The Capital group of fall 2009-June 2010 and the summer Grundrisse group have been (IMHO) quite successful, with high levels of participation and discussion by all involved. Participants in the 2010-2011 groups will be asked to make presentations on parts of the reading or (with option No. 3) reporting back to the group on independent reading. I have found this to be a very workable way to encourage maximum participation.
The main topics I'm considering are:
Marx's Capital, 3 volumes.
Marx's Theories of Surplus Value, plus readings from Smith, Ricardo and Hegel.
The history of revolutions from the English Revolution to the present (English, French, 1848, Paris Commune, Russian Revolutions (1905 and 1917), German, Spanish) and various working-class upsurges and insurrections since 1945. Given the near-infinite character of the topic and of the possible readings, the focus will depend in part on the interests of the group.
I will choose two of the above, based on the response.
For those of you not familiar with where I'm coming from, check out my web site
http://home.earthlink.net/~lrgoldner
and the new on-line journal of which I am a co-editor
http://insurgentnotes.com
If any of the proposed topics grab you, and you have the time and energy to participate, contact me asap at
[email protected]
When is the next issue of Insurgent Notes coming out? Also, look forward to the next additions to LG's and S.Artesian's websites/blogs.
To love. To be loved. To never forget your own insignificance. To never get used to the unspeakable violence and the vulgar disparity of life around you. To seek joy in the saddest places. To pursue beauty to its lair. To never simplify what is complicated or complicate what is simple. To respect strength, never power. Above all, to watch. To try and understand. To never look away. And never, never, to forget
Arundhati Roy
Lenina Rosenweg is a glorious beacon of light
Middle of September, I think. My article is complete, on fixed capital, as is the editorial, both of which will be overtaken by events before we get it into the ether-- but those other guys... they take forever.

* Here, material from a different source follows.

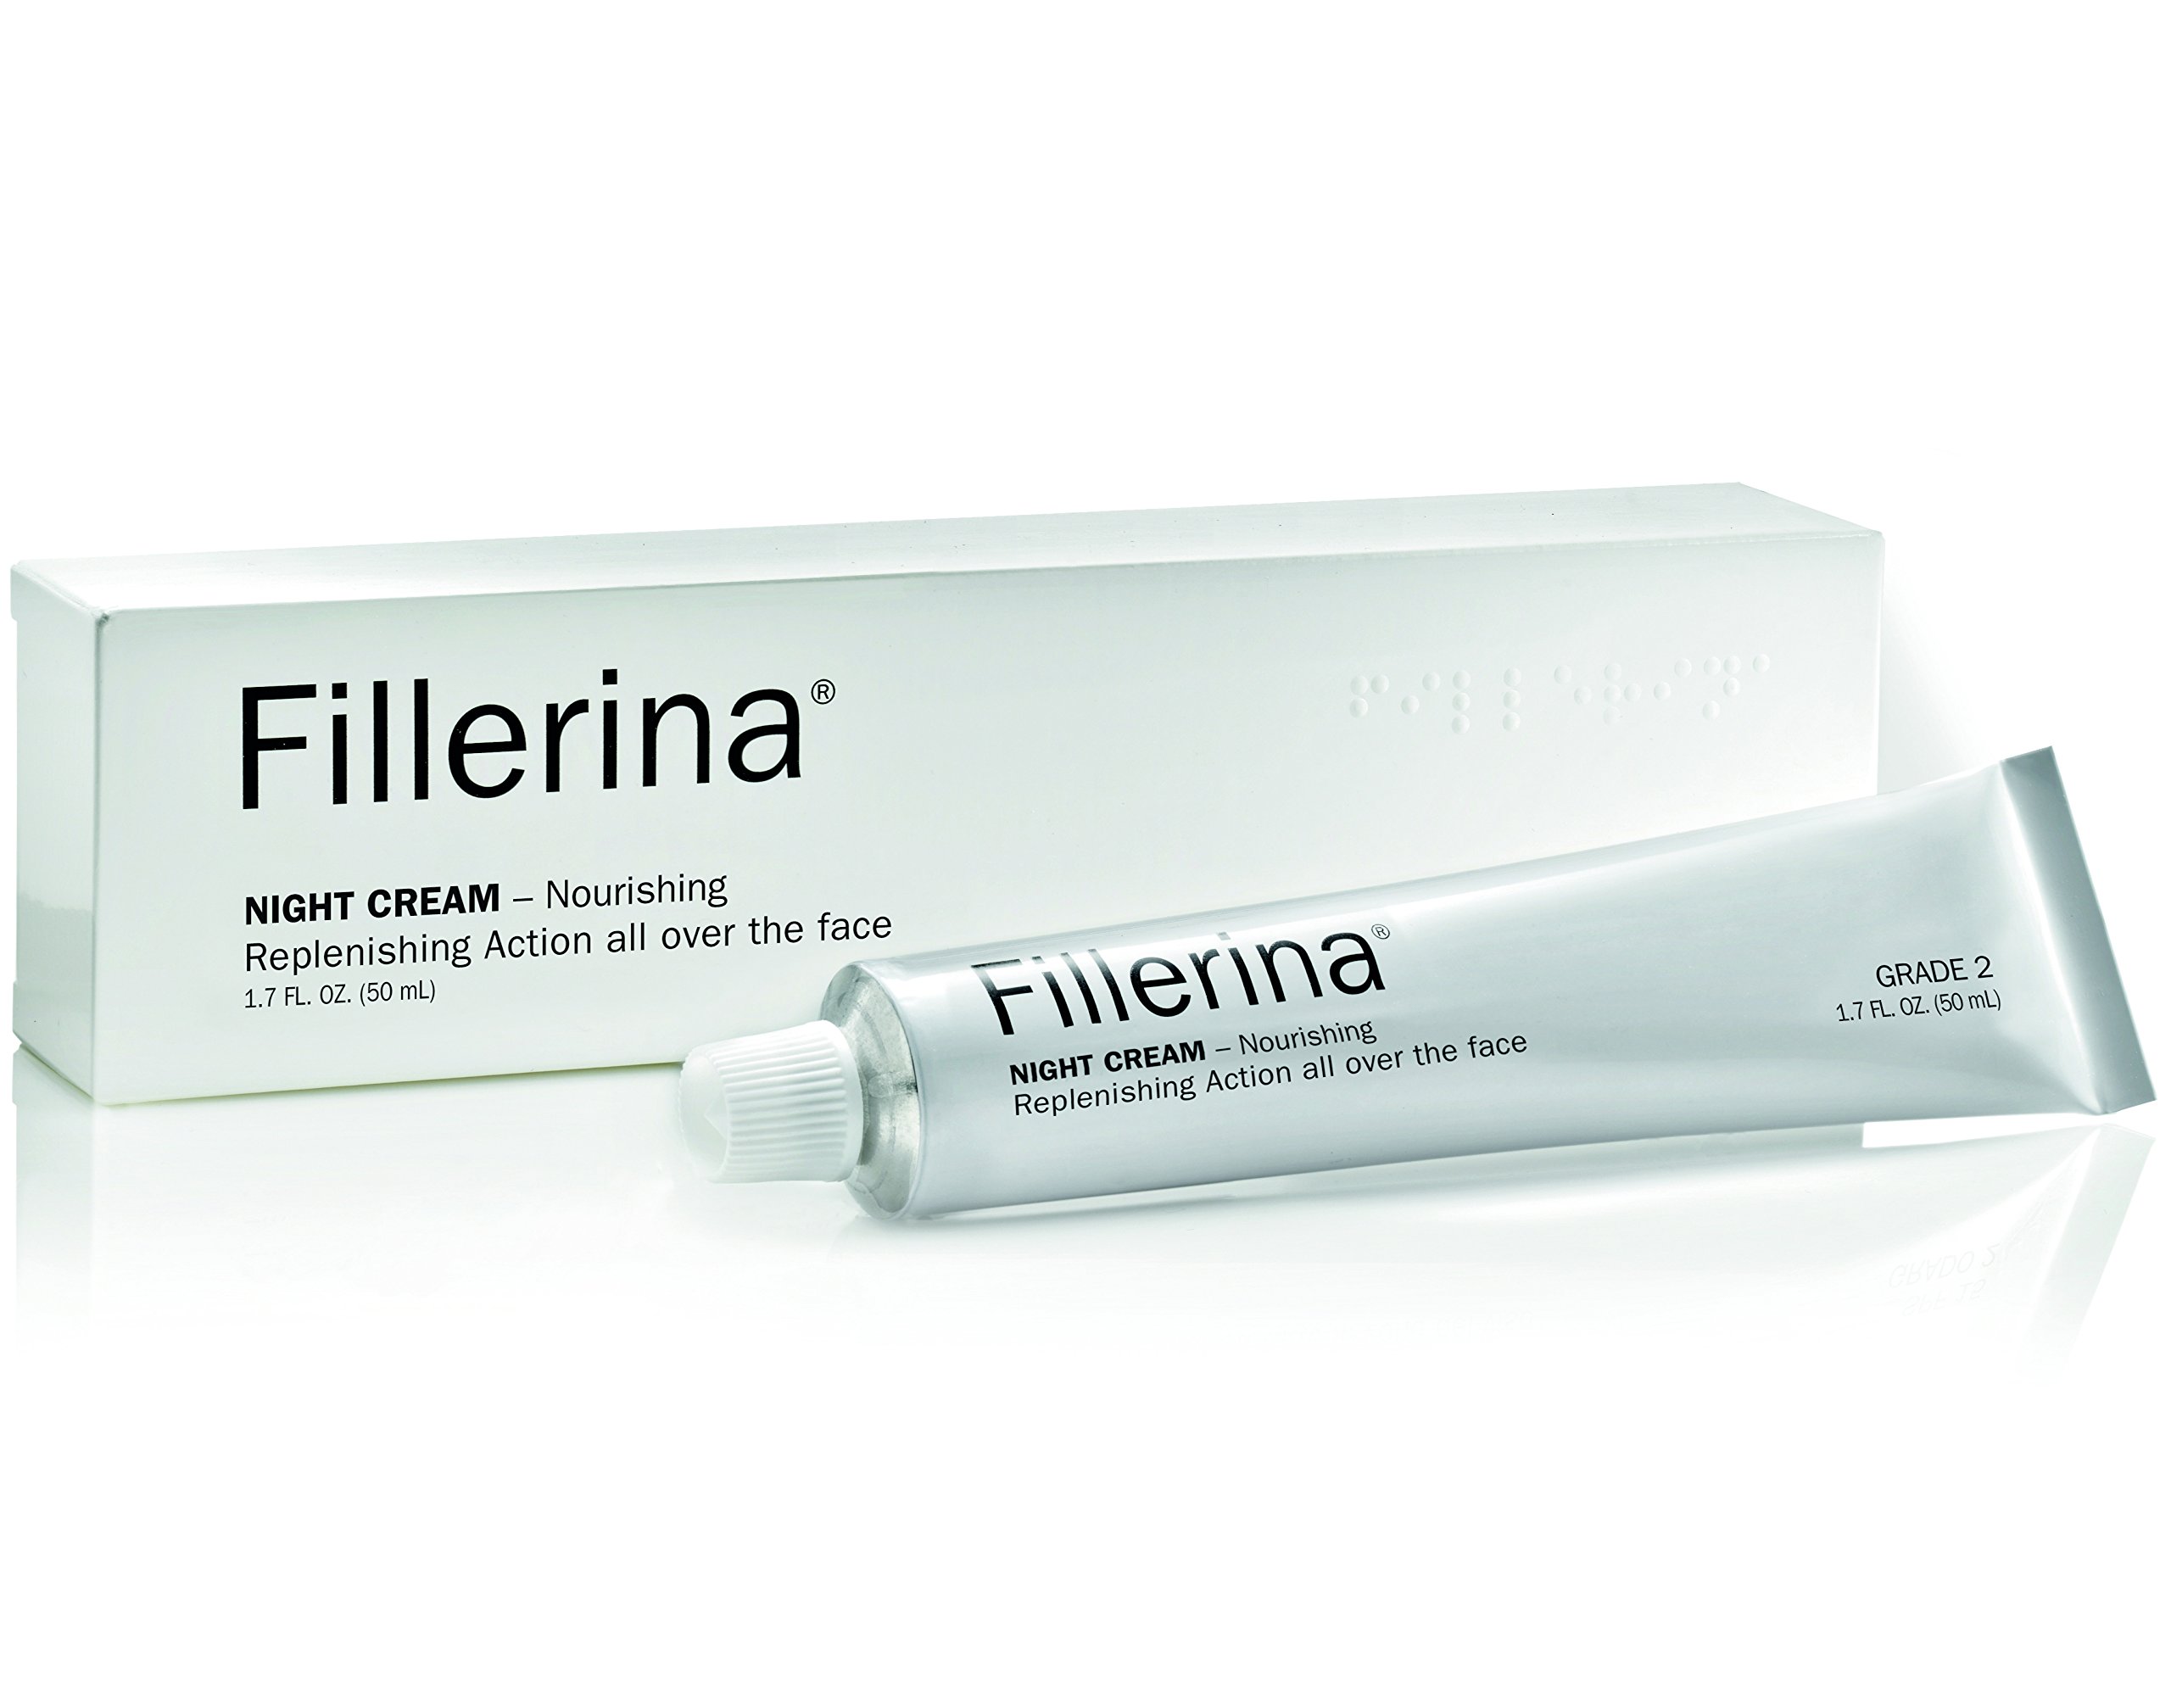 Fillerina Night Cream-Anti Aging Night Cream With Hyaluronic Acid- Deeply Moisturizes and replenishes fine lines and wrinkles. Grade 2 is for Begin...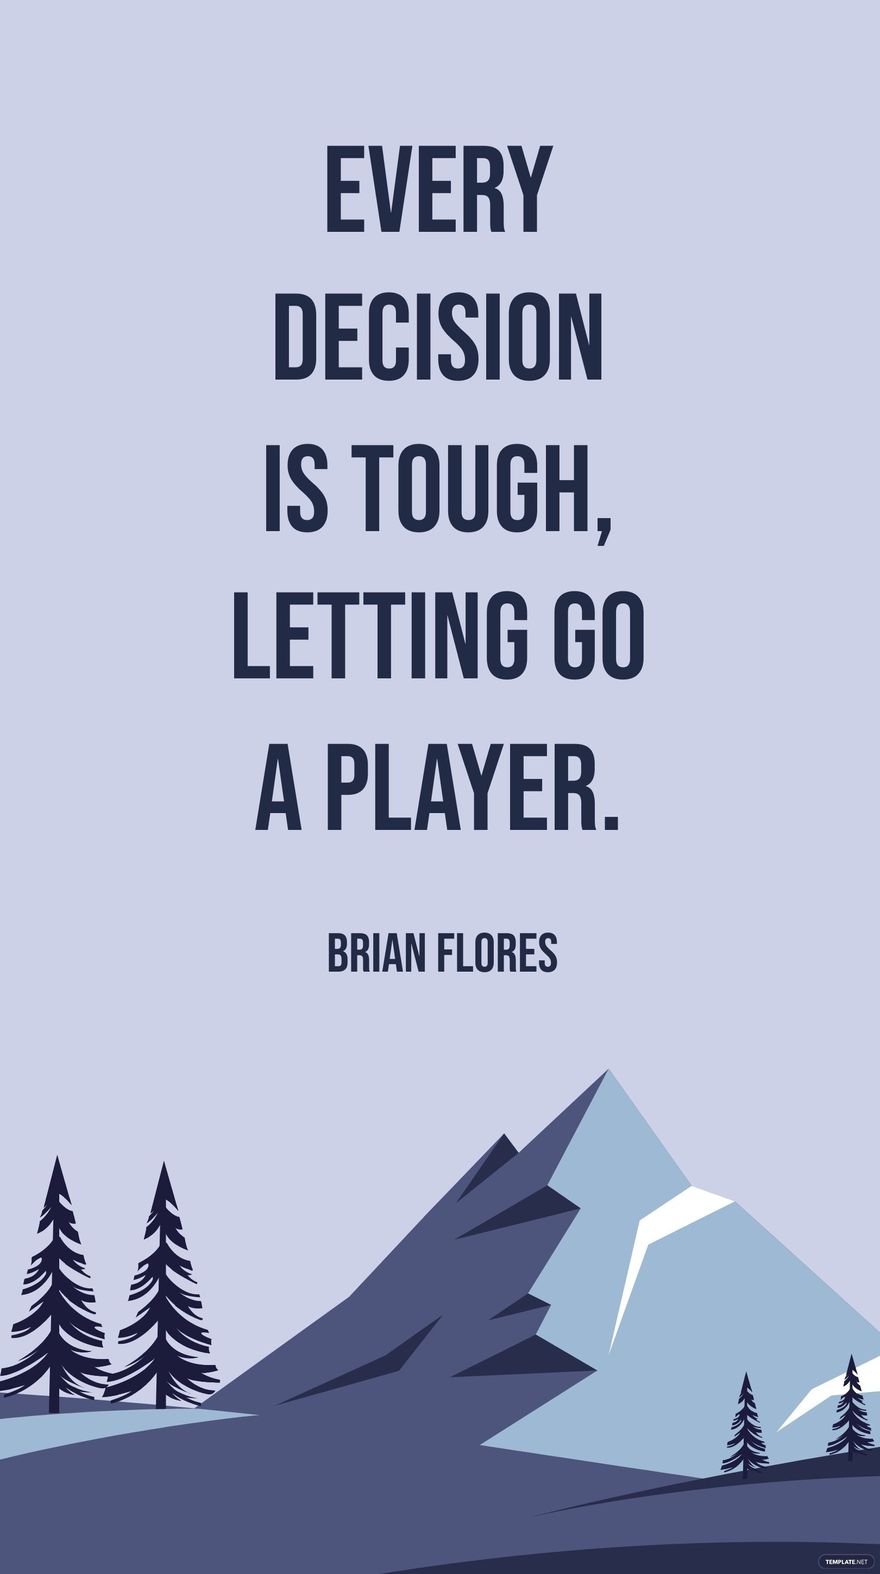 Brian Flores -Every decision is tough, letting go a player. in JPG

Anyway, next couple of things I want to work on are 1)Marx's notion of rent and what does that have to do with the price of oil and 2) transformation of Brazilian agriculture.
Stuck in Paris, yeah I know poor pitiful me... but away from a lot of my books and with a very slow broadband connections so I can't really plow through the information I need like in NYC.
But... thank god for the French-- for their wine, and bread, and cheese [all 236 varieties. DeGaulle once said, "How can anyone govern a country that has 236 different cheeses?"], and their nectarines, and melons, and chickens, and ducks... thank god especially for their duck. In the US we have lacto-ovo vegetarians, here they have lacto-ovo-gigot vegetarians, who avoid animal products except for dairy, eggs, and.... leg of lamb.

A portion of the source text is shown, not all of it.